Another significant marker is the Tumor Mutational Burden (TMB), which measures the total number of genetic mutations within the tumor DNA. A high TMB, particularly above ten mutations per megabase, is frequently associated with a higher likelihood of responding to checkpoint inhibitors, especially in cancers like melanoma and lung cancer.

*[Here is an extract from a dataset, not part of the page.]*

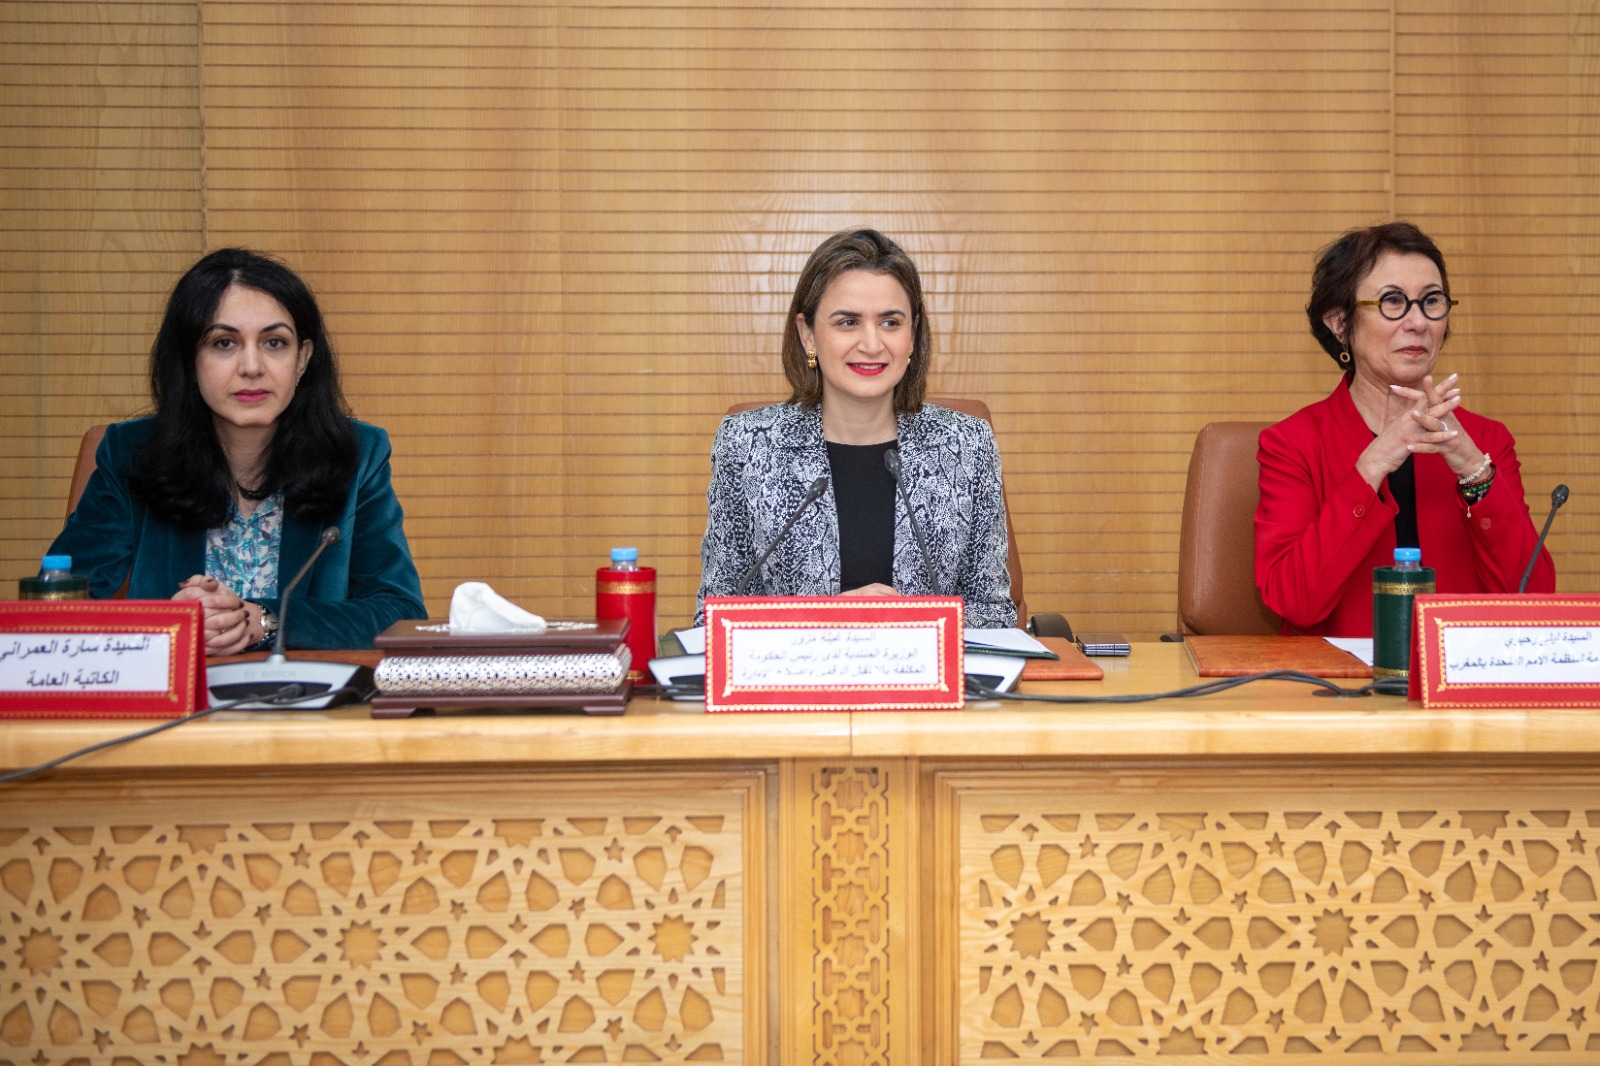 تخليد اليوم العالمي للمرأة: السيدة الوزيرة غيثة مزور تترأسُ لقاءً تواصلياً مع شبكة التشاور المشتركة بين الوزارات

The presence of Microsatellite Instability-High (MSI-H) or mismatch repair deficiency (dMMR) is a powerful predictor of response. Cancers identified as MSI-H, even those typically resistant to immunotherapy like colorectal or pancreatic cancer, can show remarkable and durable responses regardless of the tumor’s origin. Patient characteristics also contribute to effectiveness and tolerability:

  • Overall health
  • Pre-existing autoimmune conditions
  • Composition of the gut microbiome

Combining Immunotherapy for Enhanced Efficacy

A strategy for improving immunotherapy success involves combining it with other treatments. These approaches aim to increase tumor visibility, generate a stronger immune response, or target multiple immune checkpoints simultaneously. Dual checkpoint inhibition, such as combining a PD-1 inhibitor with a CTLA-4 inhibitor, blocks two separate inhibitory pathways. This often results in higher objective response rates and more durable control compared to using either agent alone, as demonstrated in advanced melanoma and kidney cancer.

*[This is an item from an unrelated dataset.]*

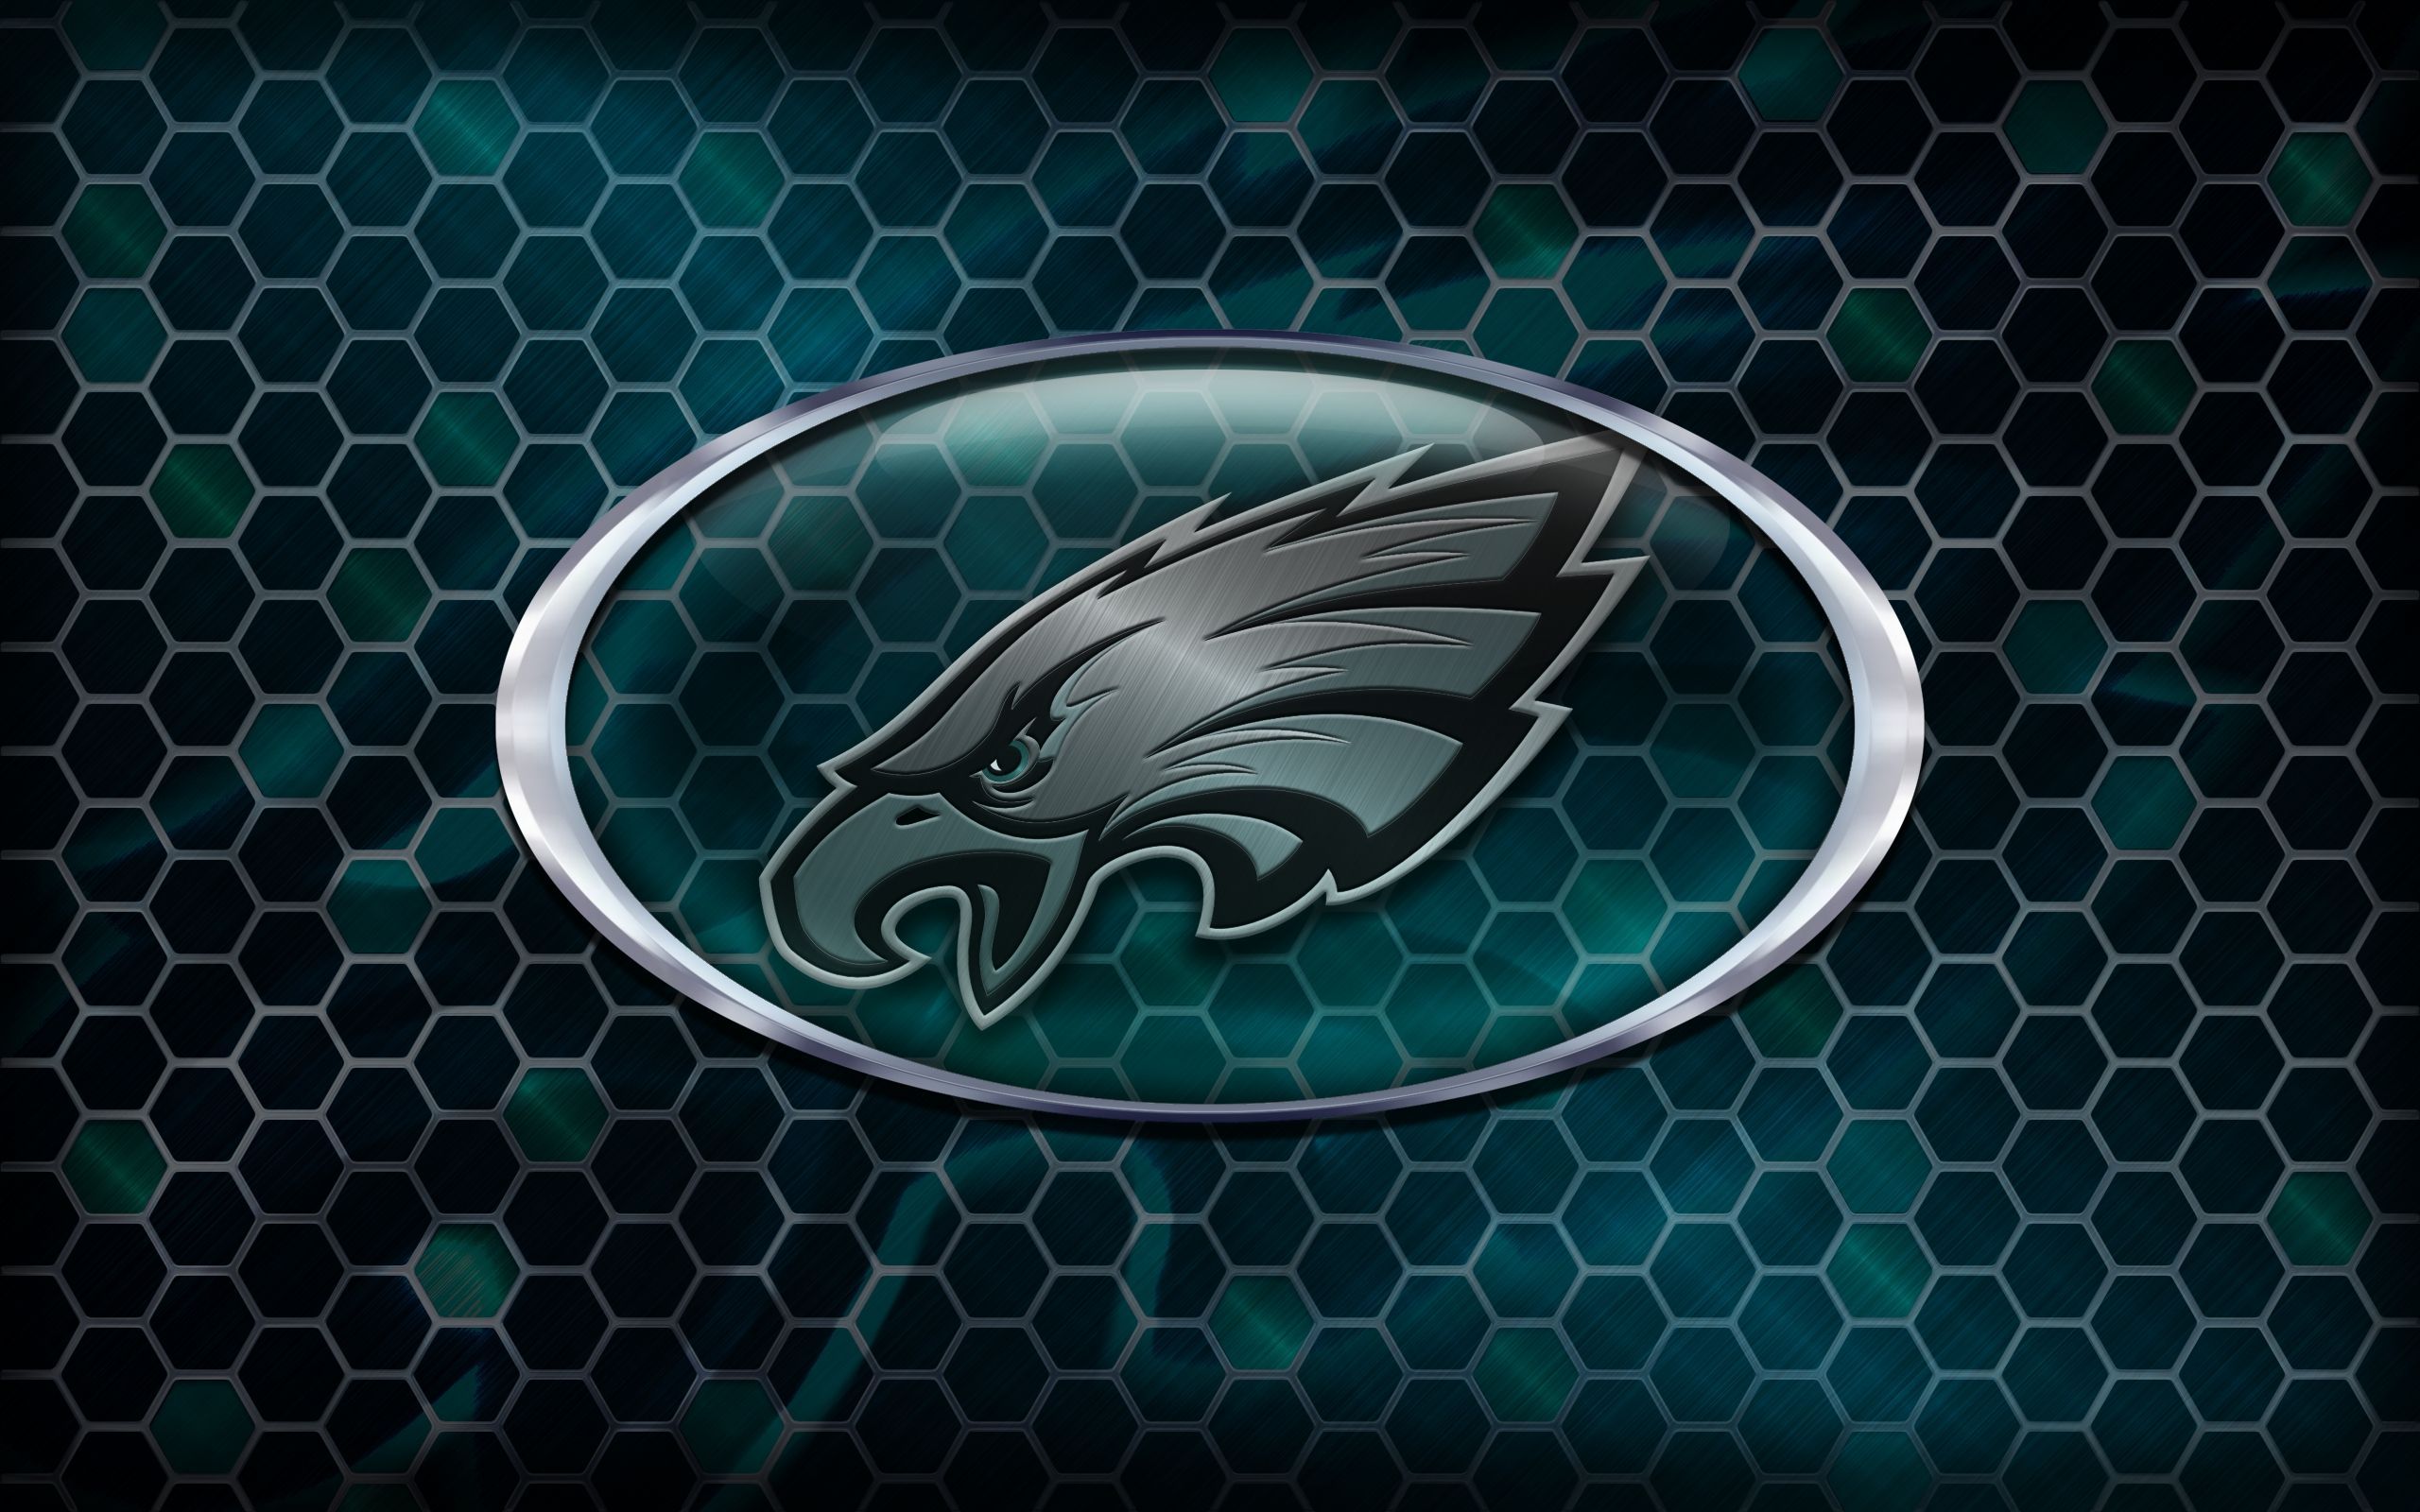 Philadelphia Eagles 2014 NFL Logo Wallpaper

The integration of immunotherapy with conventional therapies is also highly effective. Immuno-chemotherapy combines a checkpoint inhibitor with standard cytotoxic chemotherapy, a regimen that is now a first-line standard of care for several cancers, including NSCLC and HNSCC. Chemotherapy kills tumor cells, releasing antigens and effectively turning a “cold” tumor into a “hot” one. Similarly, combining immunotherapy with targeted radiation can induce a localized immune response that sometimes leads to the shrinkage of tumors outside the radiation field, known as the abscopal effect.